I feel compelled to share the advice we were given when Emily was young, because we haven’t done anything that someone else didn’t tell us. Stacy and I are so very far from perfect, but we try to do better today than we did yesterday. Neither of us came from a home where we learned how to do this, but thankfully God placed some incredible people in our lives when our daughter was born who mentored us and taught us how to be godly parents.

  1. Teach your child(ren) to love Jesus. Take them to church, talk about God and Jesus at home.  Make sure your children know that Jesus is God and how much He loves them, because Jesus is love.

  2. Make sure your children know how much you love their mommy or daddy. Children learn to love by being loved and seeing love. The most important relationship you have is with your spouse, and your children should not come between you. Take time to go on dates with your spouse. When your children see their parents loving each other, they gain confidence and security.

  3. Love your children. All the time, no matter what. I know this sounds silly. But how often do we hear about the “terrible twos and threes” or “those teenage years?” When you think these things and say them aloud to yourself and your children, you are telling them what you expect. You are telling your kids that you do not enjoy the time with them, that you do not enjoy them. Look at the time you have with your kiddos as a precious gift, no matter if they are two months, two years, or 16 years. As part of this, spend quality time with each child separately. Go on walks around the block. Take them on dates. Learn who they are by letting them talk and listening to them.

  4. You are raising adults, not children. The end goal is not to have children who leave the home, it is to have adults who are prepared to move forward and be responsible members of society. So, as you teach and train your kiddos have the end goal in mind. Think about the kind of person you like to hang out with and then raise your children to meet that expectation.

  5. Children, not friends. To clarify point 4, while your kiddos are still kiddos, be friendly, loving, enjoy time together, but parents must be in charge. It isn’t time to be friends while they are littles. As they mature into their teen years a friendship can blossom, but parents are still in charge.

  6. Don’t worry about the little stuff. Don’t freak out about stuff that doesn’t matter. While Emily was still very young, Stacy and I discussed what was important and what wasn’t, so we could help each other focus on the right things. Respect (important), hair style or color (not important), wearing a coat (not important). When you determine what is important for your home, then you have established a standard, and along the way, everyone will learn the expectations.

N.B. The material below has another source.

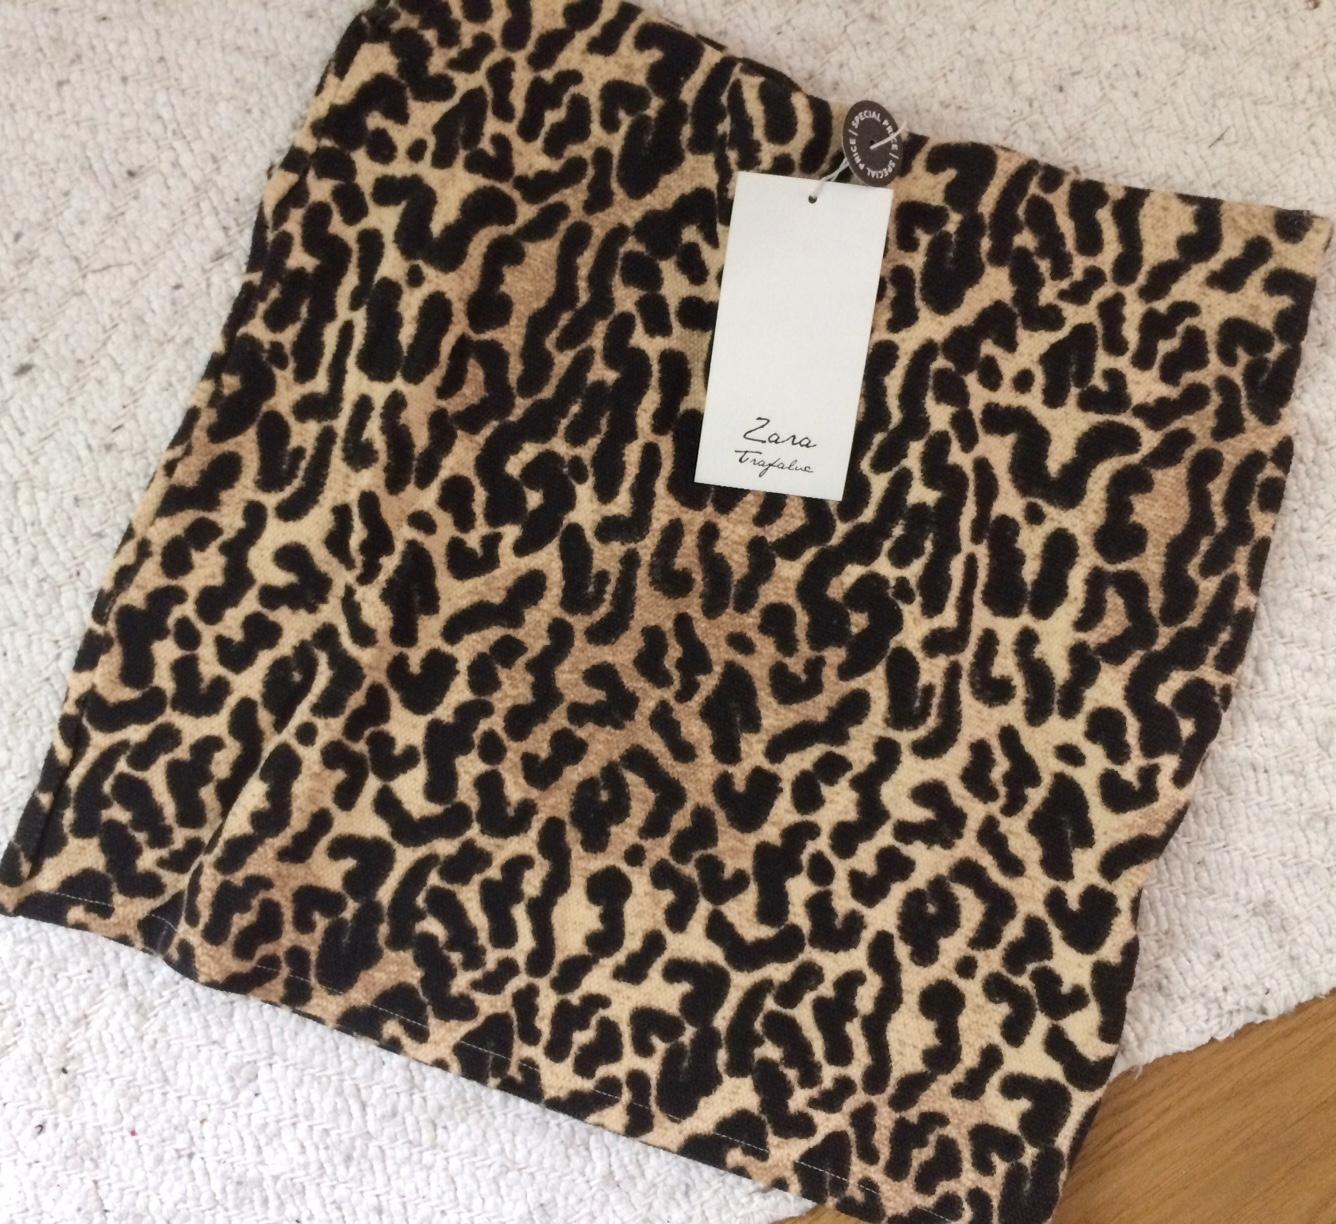 da10c6bb67 Kratší tygrovaná sukně zara s 36

  7. Let them play. Remember, kids learn so much just by playing. Let them use their imaginations. Play with them. Read to them daily. Childish behavior is normal, because they are children. Have fun and let them have fun.

  8. Is the behavior childish or sinful? Expanding on point 7, remember that kiddos are learning, exploring, making up games in their heads, and playing. When they’re running around acting crazy, it is probably childish behavior, not sinful behavior, so treat it as childish and give them grace for being kids. They may need to stop running around due to where they are, but running is not a sin, so don’t treat it as one. But once you have told them to stop, if they do not obey, that is sinful, so deal with that in accordance with your family rules.

  9. Surround yourself with people who have the relationship with their kids and/or adult children that you want with yours. Join a local church and get connected in a Sunday School class or Bible study with other couples who have kids. Learn from each other. Encourage each other. Help each other. Make sure you are spending time with people who are excited to be parents and who truly enjoy spending time with their kids. Look at the kids & young adults who are respectful, polite, and obedient and find out what their parents are doing to get those results. That’s how we learn.

  10. Pray for your children daily. We can do nothing without Jesus and His grace. Pray that your children would turn to Jesus at an early age and dedicate their lives to Him. Pray for His protection over them from the evil one. Pray that your children would have friends who love the Lord and encourage them. Pray for your relationship with your children and seek God’s word as you strive to love your children as He loves you – with patience, compassion, mercy, and grace.

                    Ok, I think that covers the biggest things we learned and everything else just flows from these. Remember, we only have them as kids for a few years and if we want to have them in our lives as adults, then we need to have developed relationships with them along the way. I hope these things help you as much as they have helped us.